- BRIEF
Would you retype the whole listing exactly, leaving its pictures out?

- DATA SECTION
****

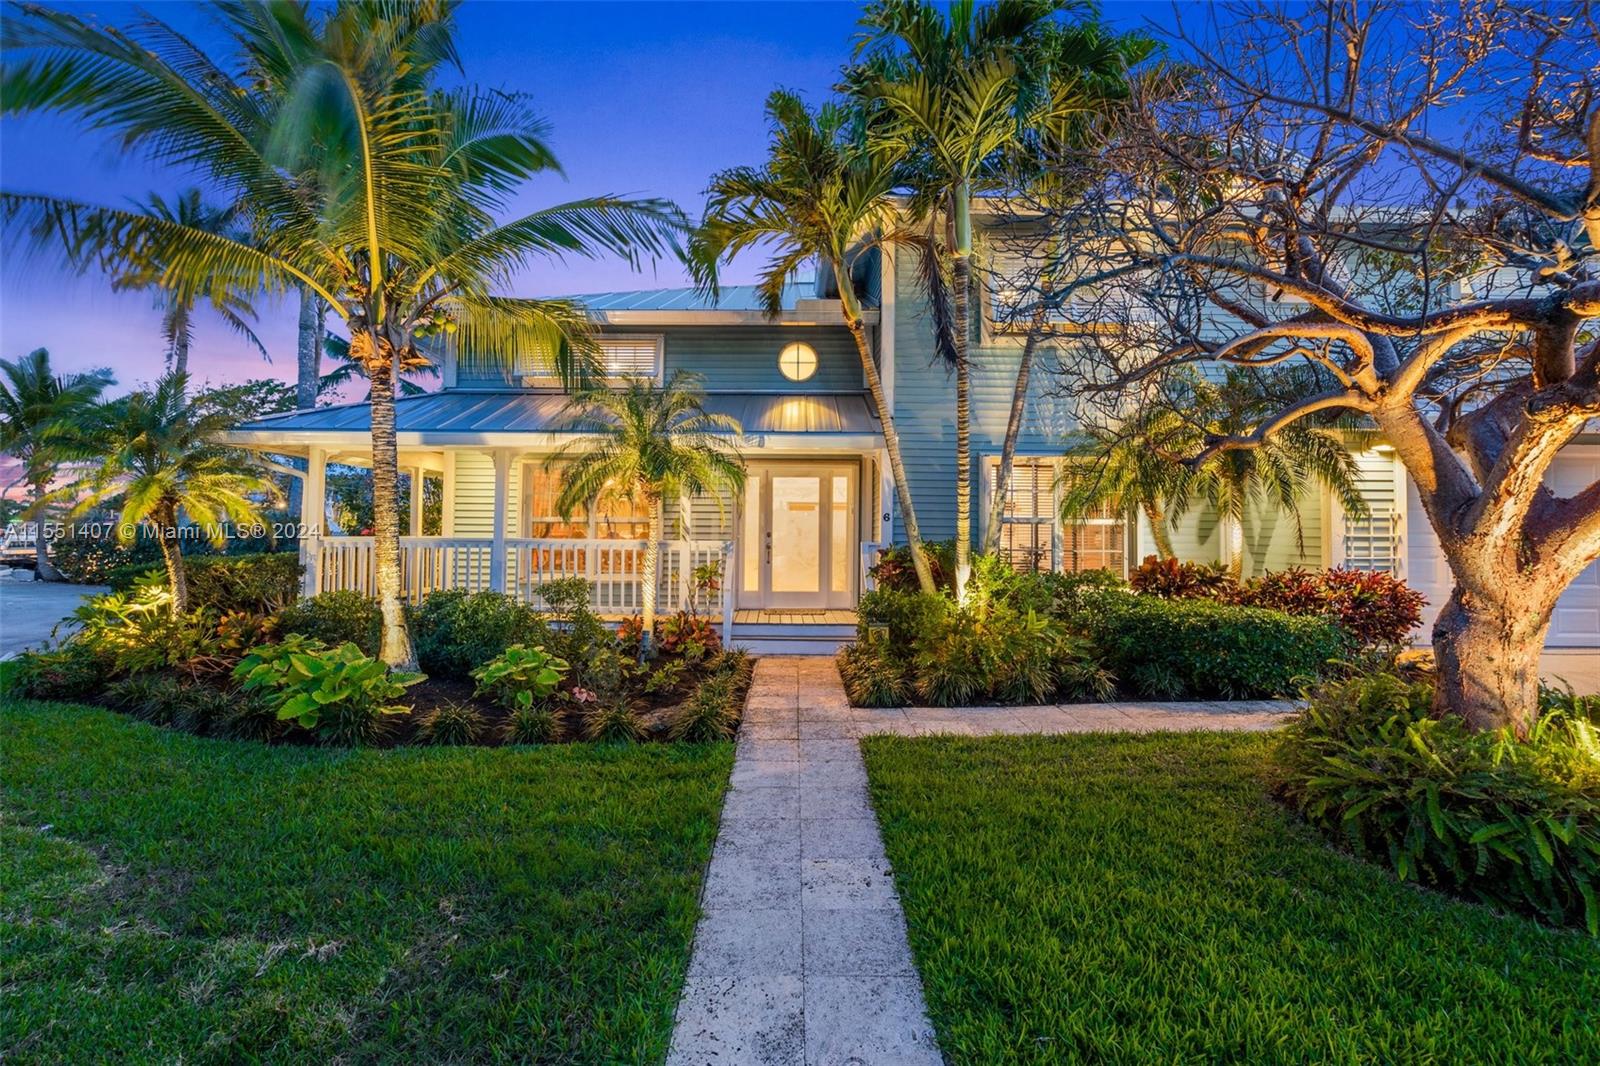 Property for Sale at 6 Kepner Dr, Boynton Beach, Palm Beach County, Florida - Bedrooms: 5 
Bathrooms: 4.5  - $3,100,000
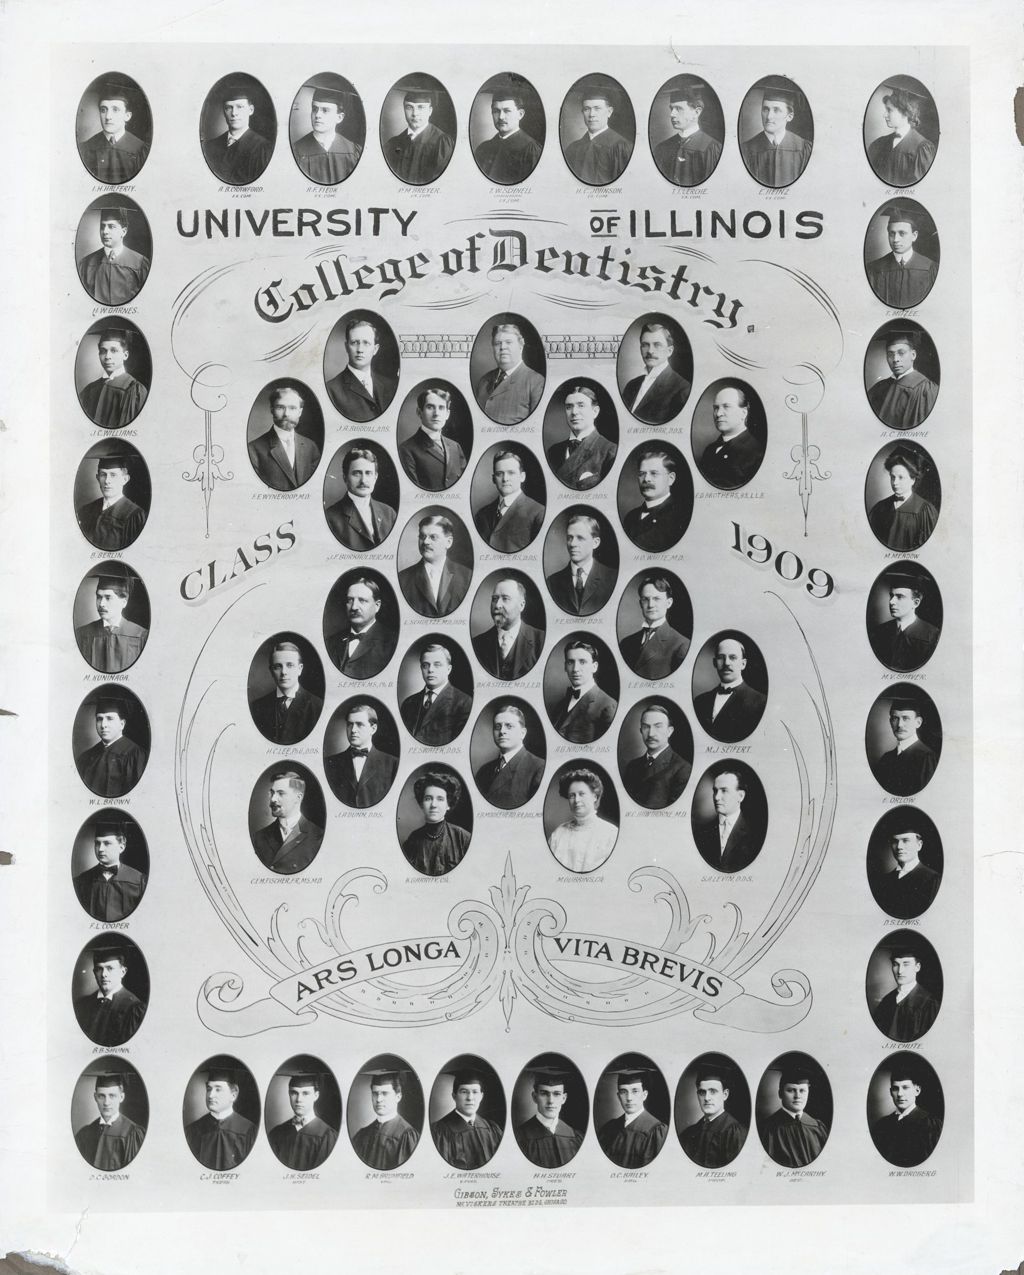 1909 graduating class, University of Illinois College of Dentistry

****

- RESPONSE TO THIS EXERCISE
 Property for Sale at 6 Kepner Dr, Boynton Beach, Palm Beach County, Florida - Bedrooms: 5 
Bathrooms: 4.5  - $3,100,000
 1909 graduating class, University of Illinois College of Dentistry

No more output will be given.